Hey I have been away a bit. Still playing my old games and I just saw this about an android AC game. Can someone give me the gist of what this is?


----------



## calamitybot (Jun 7, 2018)

Can't you just search it in your browser?


----------



## J087 (Jun 7, 2018)

I could go on and on, and write long paragraphs which no one reads. So I'll narrow it down to one word.

_What is Animal Crossing Pocket Camp?
_
*Fun.*


----------



## arbra (Jun 7, 2018)

You are a manager of a camp.  You get to invite in different campers that are based on characters from Animal Crossing franchise.  From there you are able to dress the villagers, decorate your campsite and camper.  you are able to do this based on earning bells and supplies from completing quests from the campers (both in your campsite and around in different areas).  These quests can range from giving gifts to other campers to catching fish, harvesting fruit, etc.

There are supporting "islands" around your campsite that simulate different tasks from Animal Crossing (an ocean fishing area, a river fishing area, an island area, a fruit area and a new planting area (that is next to your campsite).

You will have to build amenities to level the campers above level 10, and each level of a camper gives you more items (whether crafting material, bells, etc.)

This now forms the basis of the game, repeating tasks to be able to invite campers into your campsite. Each round lasts 3 hours and changes on a set time (at least until daylight savings time hits again) to make it easier to plan.

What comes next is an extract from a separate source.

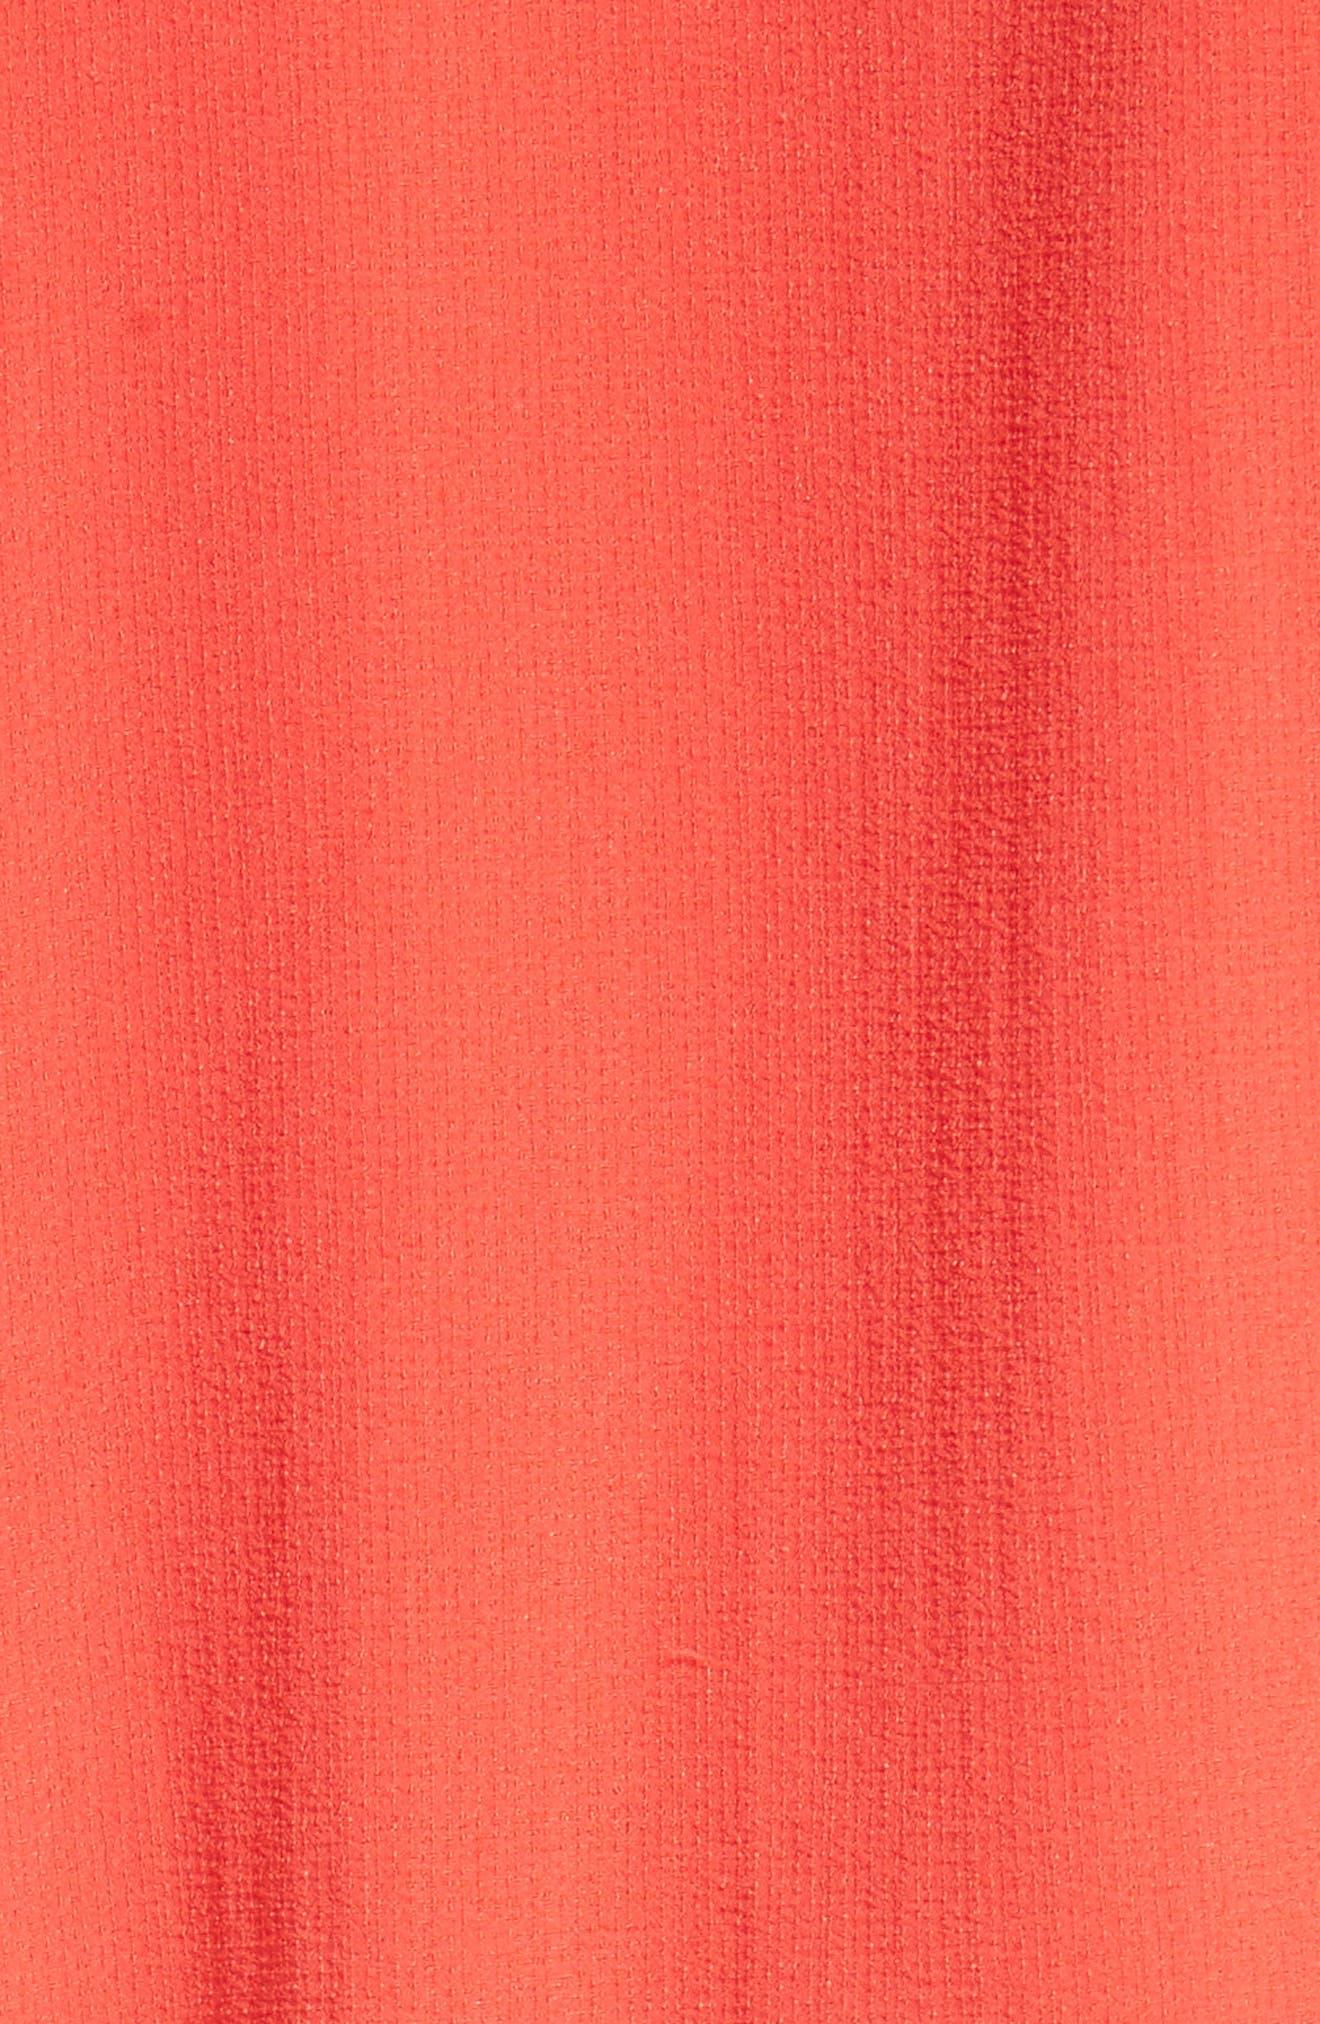 Aulani Shift Dress,                             Alternate thumbnail 5, color,                             Lipstick

As with all mobile games, there is a pay way to play which involves tickets.  These tickets can be used to craft things faster to decrease craft times to buying exclusive items.

Periodically, they also have events.  Some of the events are similar to what was available in Animal Crossing, some are brand new.

And that is about it in a nutshell.  As stated before, it is fun and while the game does have a slight (although moving to a greater impact) pay to win attitude, it is possible to play with what they give you (as long as you are not a completest).

As of right now, it is a single player with limited interaction with other players (at least outside of events) which may or may not change in the future.


----------